Çocukken babamın beni okuldan almak için bisiklete binip okul kapısının önünde beklediğini hatırlıyorum. Okulla ev arasındaki mesafe çok uzak olmasa da arkadaşlarımla gitmek istiyordum. Yine de babam güvende hissetmem için beni eve bırakmak istiyordu.
Bisikletin arkasında otururken, zincirin her dönüşü birbirine çarpıyordu. Bisikletin her dönüşünün takırtısı, hayatın sayısız sesi arasında akortsuz bir şarkı gibiydi.
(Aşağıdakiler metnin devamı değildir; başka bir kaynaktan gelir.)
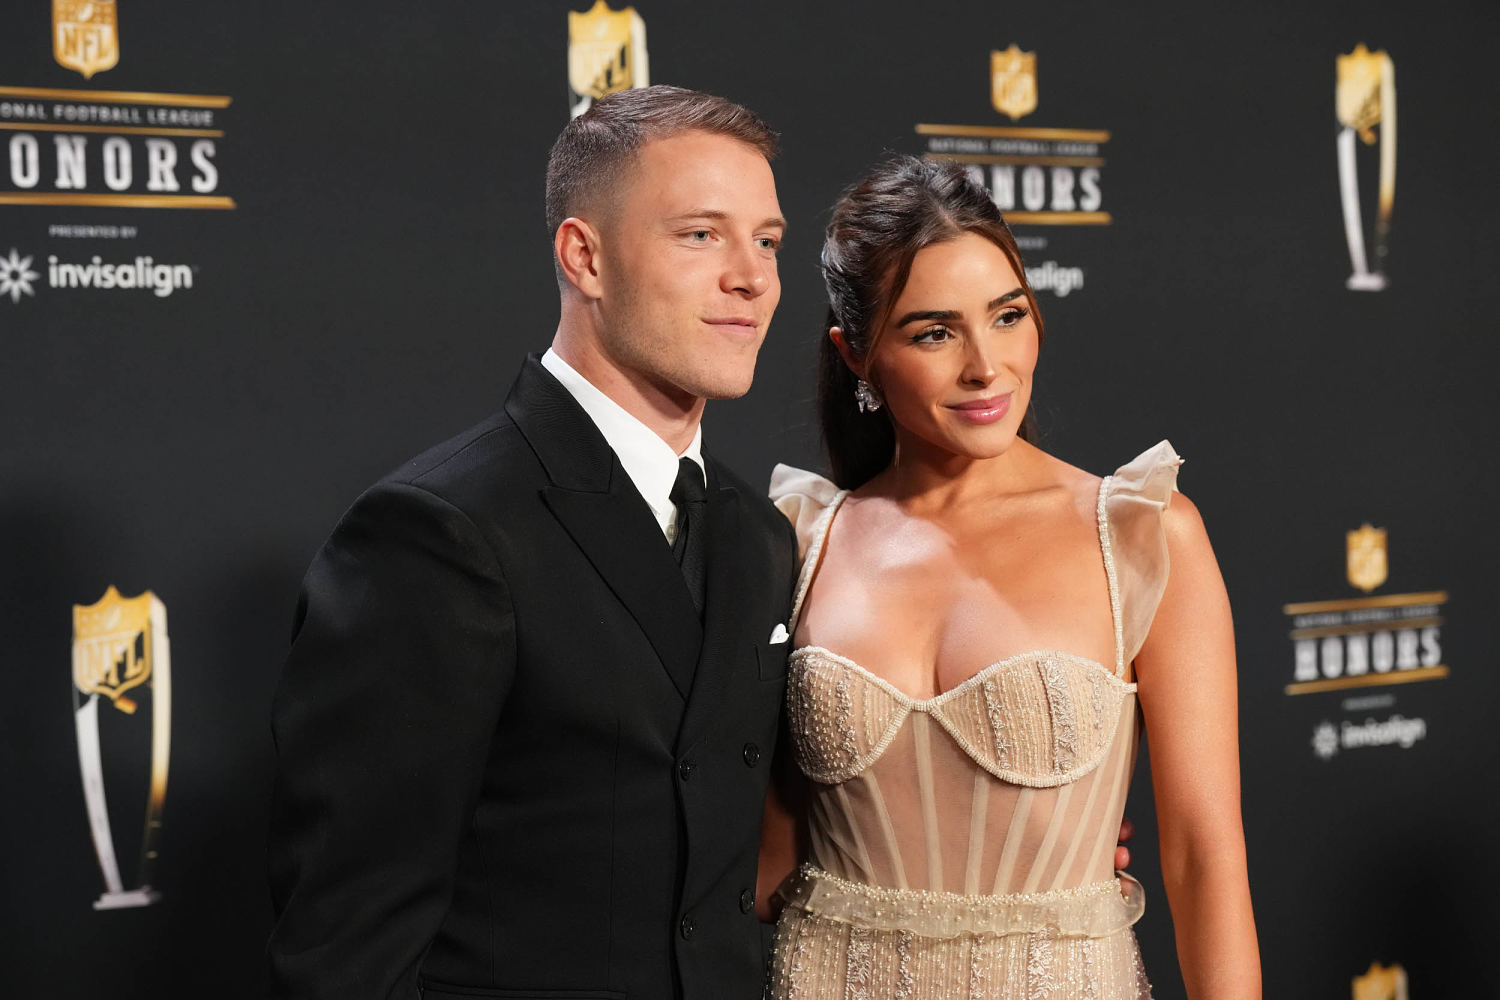 Christian McCaffrey slams criticism of wife Olivia Culpo’s wedding dress: ‘What an evil thing to post’
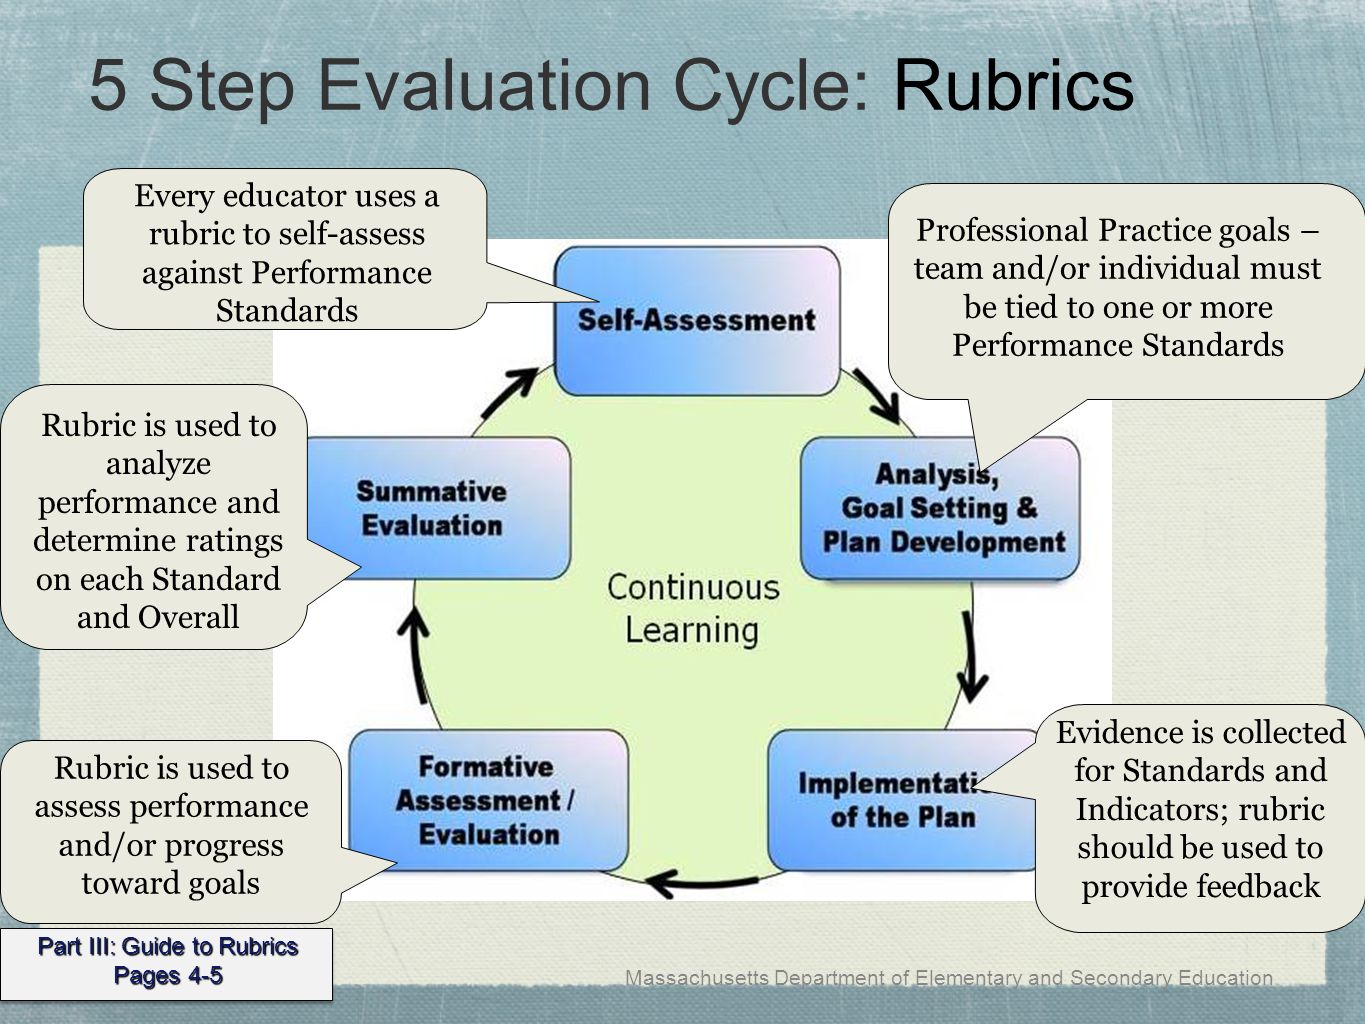 Massachusetts Department of Elementary and Secondary Education 5 Step Evaluation Cycle: Rubrics 10 Part III: Guide to Rubrics Pages 4-5 Rubric is used to assess performance and/or progress toward goals Rubric is used to analyze performance and determine ratings on each Standard and Overall Every educator uses a rubric to self-assess against Performance Standards Professional Practice goals – team and/or individual must be tied to one or more Performance Standards Evidence is collected for Standards and Indicators; rubric should be used to provide feedback

O zamanlar, babamın "başkalarının" babaları gibi olmadığı, çocuklarını marka arabalarla sürmediği için biraz utanmıştım.
Babam ve oğlum eve vardıklarında, annemin verandada beklediğini gördüler. Beni arabadan almaya koştu ve her annenin çocuklarına yapacağı gibi, derste derslerim hakkında sorular sordu. Büyüdükçe, bunun basit bir soru olmadığını, aynı zamanda annemin sevgisini ve ilgisini de içerdiğini fark ettim.
Annemin özenle hazırladığı sade yemekleri hatırlıyorum. Haşlanmış yayın balığı, balık soslu kızarmış uskumru ve hamsili ekşi çorba. Yemekler karmaşık değildi ama şaşırtıcı derecede lezzetliydi. Lezzetleri annemin baharatlarından geliyordu. Ya da herkesin neşeyle bir araya geldiği o "mutlu" baharattan geliyordu.
Ebeveynler ve çocuklar arasındaki zaman, zıt yönlere giden ve asla kesişmeyen iki paralel çizgi gibidir. Herkesin, ebeveynleri olmadan eve dönmekten korktuğu zamanlar olacaktır. İşte bu yüzden hepimiz ebeveynlerimizle geçirdiğimiz her anın kıymetini biliriz.
Ayaklarım eve dönmek, babamın öğretilerini dinlemek, annemin pişirdiği lezzetli yemekleri yemek için can atıyordu. Birden kendimi yeniden çocuk gibi hissettim. Sonsuza dek annemin kollarında. Sevgiyle dolu sıcak bir aile yuvasında sonsuza dek mutluluk hissinin tadını çıkarmak.